Question

The number of positive integers $n$ in the set \[\left\{ 2,\text{ }3,\text{ }4,\ldots ..,200 \right\}\] such that $\dfrac{1}{n}$ has a terminating decimal expansion is:
a.16
b.18
c.40
d.100

Answer 1

Hint: Here, for each positive integer $n$ in the set \[\left\{ 2,\text{ }3,\text{ }4,\ldots ..,200 \right\}\], consider $\dfrac{1}{n}$ ,first we have to reduce $n$ into its prime factors, and if $n$ can be written in the form,$n={{2}^{m}}{{5}^{n}}$ where $m$ and $n$ are integers, then we can say that $\dfrac{1}{n}$ has a terminating decimal expansion. Then find how many such numbers are there in the set \[\left\{ 2,\text{ }3,\text{ }4,\ldots ..,200 \right\}\].

Complete step-by-step answer:
Here, we are given the set \[\left\{ 2,\text{ }3,\text{ }4,\ldots ..,200 \right\}\].
Now we have to find the number positive integers $n$ in the set \[\left\{ 2,\text{ }3,\text{ }4,\ldots ..,200 \right\}\]such that $\dfrac{1}{n}$ has a terminating decimal expansion.
For each positive integer $n$ in the set \[\left\{ 2,\text{ }3,\text{ }4,\ldots ..,200 \right\}\], consider $\dfrac{1}{n}$ ,first we have to reduce $n$ into its prime factors, and if $n$ can be written in the form, $n={{2}^{m}}{{5}^{n}}$ where $m$ and $n$ are integers, then we can say that $\dfrac{1}{n}$ has a terminating decimal expansion.
That is, if the denominator $n$ contains only the factors of 2 and 5, then the decimal expression terminates. If there is any prime factor in the denominator other than 2 or 5 then the decimal expression repeats.
So, here in the set \[\left\{ 2,\text{ }3,\text{ }4,\ldots ..,200 \right\}\] we have to find the numbers that have prime factors only 2 and 5.
The numbers that have only 2 as the prime factor are $2,4,8,16,32,64,128$.
Therefore, we can say that there are 7 numbers in the set \[\left\{ 2,\text{ }3,\text{ }4,\ldots ..,200 \right\}\] that have only 2 as the prime factor.
Next, consider the numbers that have only 5 as the prime factor. They are $5,25,125$.
Hence we can say that there are only 3 numbers in the set \[\left\{ 2,\text{ }3,\text{ }4,\ldots ..,200 \right\}\] that have only 5 as the prime factor.
Next, we have to consider the numbers that have only 2 and 5 as the prime factors. They are $10,20,40,50,80,100,160,200$.
Hence, we can say that there are 8 numbers that have only prime factors 2 and 5.
Therefore, the total numbers that have the prime factors 2 or 5 or 2 and 5 = 7 + 3 + 8 = 18.
Hence, there are 18 positive numbers in the set \[\left\{ 2,\text{ }3,\text{ }4,\ldots ..,200 \right\}\] such that $\dfrac{1}{n}$ has a decimal expansion.
So, the correct answer for this question is option (b).

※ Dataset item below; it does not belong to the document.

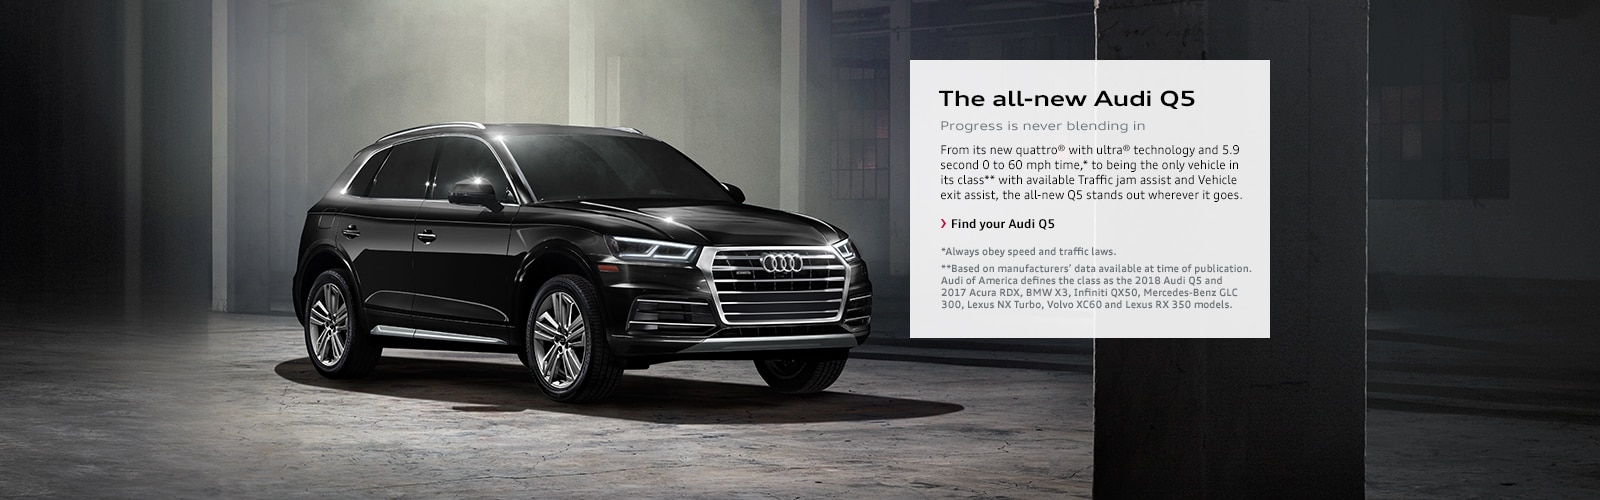 Audi Dealer Santa Clarita Burbank Lancaster CA New Used Audi - Socal audi dealers

Note: Here, you have to consider only such $n$ in the set that has the prime factors 2 and 5. If any other prime factors such as 3, 5, 7, 11 etc occurs then the $\dfrac{1}{n}$, won’t have a terminating expansion. If you consider any number that has the prime factor other than 2 and 5, then you would get a wrong answer.